AI's eyes

How The Grid was teaching its Artificial Intelligence to see and paint.

Vilson Vieira

--

Note: I wrote this post back in the day I worked as an AI Engineer at The Grid. It was a crazy ride, with lots of interesting people and challenges. I left The Grid years ago but some ideas are still relevant to augment design using AI. The content of this post were originally published on The Grid itself and since there's no mirrors around, I'm sharing it here and I hope you enjoy it.

Augmenting and automating design of websites involve many steps and the areas I had my hands allover were on Computer Vision (CV) and Generative Art. We used a mix of traditional CV, generative algorithms and Machine Learning (ML) models, that when applied to design, got us the following features:

  • Saliency extraction: good to crop to region and text placement/overlay
  • Face detection: for emotion recognition and supporting detection of salient regions
  • Delaunay triangulation: to generate artistic backgrounds and picture styling
  • Image classification: to extract information/semantics from pictures
  • Sentiment analysis: to extract the general mood of a picture
  • Color extraction: to extract/quantize colors from pictures

Let's take a look on some of them in more details, shall we?

Saliency extraction

When we look into a picture we can naturally (and really fast!) determine what points get our attention first. A human face, a specific object, a region with higher contrast, those are both examples of salient areas. We can easily recognise those areas, but computers don't. So we have to teach them to.

Original image

The Grid used a saliency detection algorithm which analyses a given image looking for regions of high contrast. In summary, it divides the original image into small segments. Those segments are analysed and just the most contrasting ones are selected. We call them salient regions (as shown in the side figure).

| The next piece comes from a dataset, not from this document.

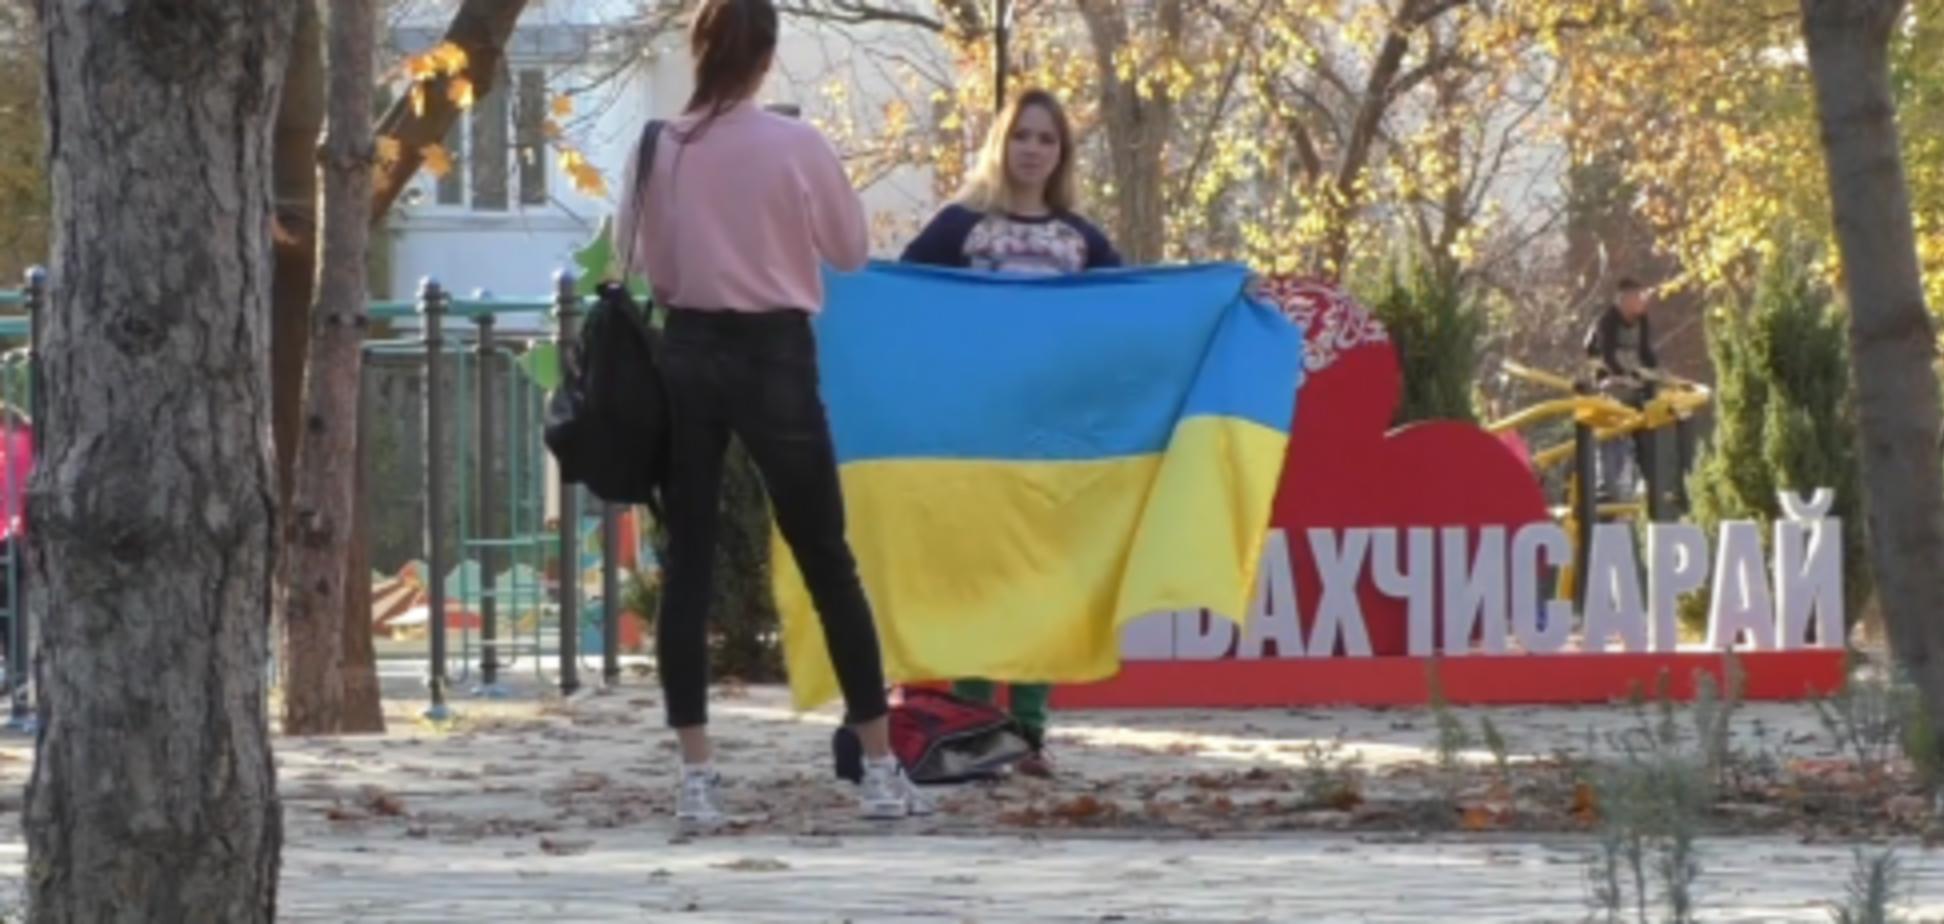 Российская пропагандистка пострадала в Крыму за украинский флаг

Salient regions extracted from the image. Higher gray levels indicate more salient areas.

Knowing which regions are most salient we can now crop the original image to show only those regions — to fit on any screen size, for example. Or we can place text on top of images avoiding the salient regions.

Generative images and image processing

Besides analytics, we can use extracted information from text, images or videos to synthesise new content. We can generate an infinite number of unique images using combinations of different shapes, curves and colours.

We can also apply more complex algorithms like Delaunay Triangulation to obtain more interesting and unique meshes for favbanners or backgrounds.

Generative images by Delaunay Triangulation

Or we can go beyond and use the same algorithm to style existing pictures.

Image styling using Delaunay Triangulation

Using our open-source image processing pipeline imgflo we were able to manipulate images. It was possible to create any image filter and apply them to enhance pictures.

Filters created on imgflo being applied to the same image. Original picture by Sharon Mollerus.

Imgflo is a runtime for Flowhub, a visual programming environment that made it simple to build image processing graphs.

A Flowhub graph to image processing on imgflo.

What's next?

It's more than 6 years since I wrote this post. Deep Learning happened, Computer Vision was completely changed by it and other ML methods. However, the fundamental problems on design are still there and we can leverage a lot from ML/CV to augment and automate graphical and web design.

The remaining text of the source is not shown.